Open fjremnav opened 3 years ago
Hi,
I think this is a bug by multi-gpu setting. I run the code only with multi-gpu. If you pre-train the model in one gpu with "--multi_gpu False", one solution is to change the code in tools/tool.py line 283 "name = k[7:]" to "name = k" . (The former one is used to remove the prefix of saved model parameters caused by nn.DataParallel. It not happens in single gpu.) Hope it can help you.
good day,
It works with your answer. One more question, how do I test with my own images or videos with test.py?
Thanks,
The test.py is actually used for evaluate mAP. If you want to try to visulaize your own image or video, please used the tools/factory.py. I have updated a new version for it. (But it write for cityscapes (take city of munster as a sample), you may have to change the root setting for you own data)

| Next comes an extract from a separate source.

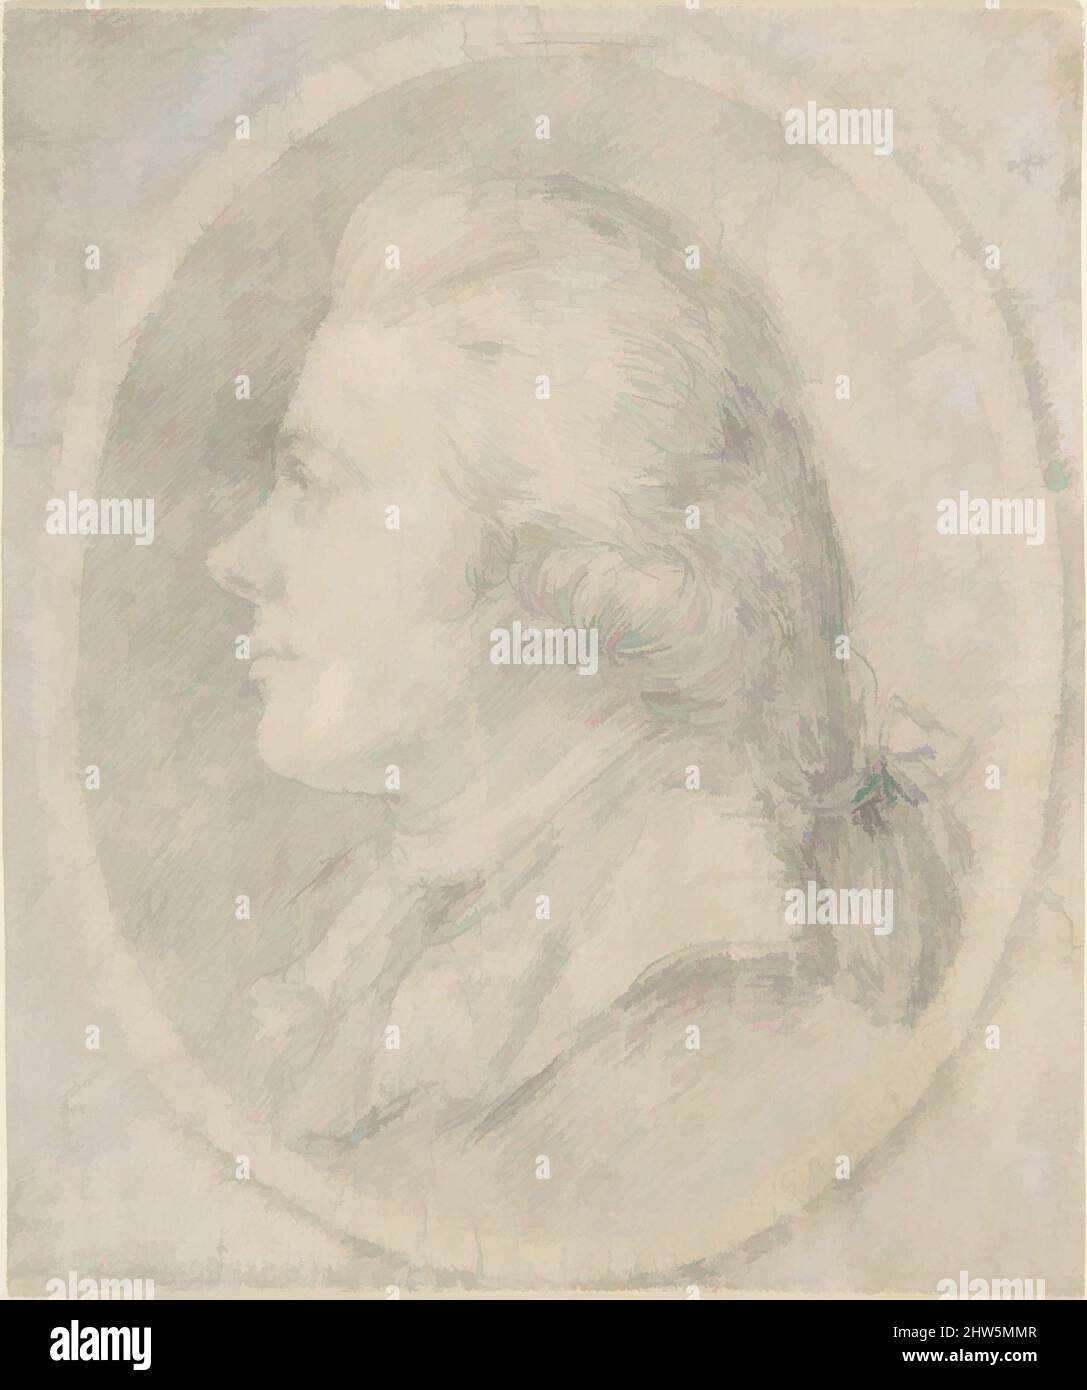 Art inspired by Portrait of a Man, 18th century, Graphite, 6 x 4 15/16 in. (15.2 x 12.6 cm), Drawings, Attributed to Gabriel de Saint-Aubin (French, Paris 1724–1780 Paris, Classic works modernized by Artotop with a splash of modernity. Shapes, color and value, eye-catching visual impact on art. Emotions through freedom of artworks in a contemporary way. A timeless message pursuing a wildly creative new direction. Artists turning to the digital medium and creating the Artotop NFT Stock Photo

I read factory.py and see groundtruth in the code. Unfortunately, my images/videos do not have ground truths. Could I just comment out groundtruth related codes?
Thanks,
It is totally ok.
My trained model performs quite bad. Do you mind sharing your trained model (PSPNet and PSPNet_Llst_noise) which I can use it as a refence?
Thanks,
You can download the weight in the following link https://drive.google.com/file/d/1R2yPUdGUudr3ADTNdsrUgeXye0QGfdwN/view?usp=sharing
I am able to train based model. However, it encounters an error in step2 training below when it tries to load PSPNet.pt from step 1.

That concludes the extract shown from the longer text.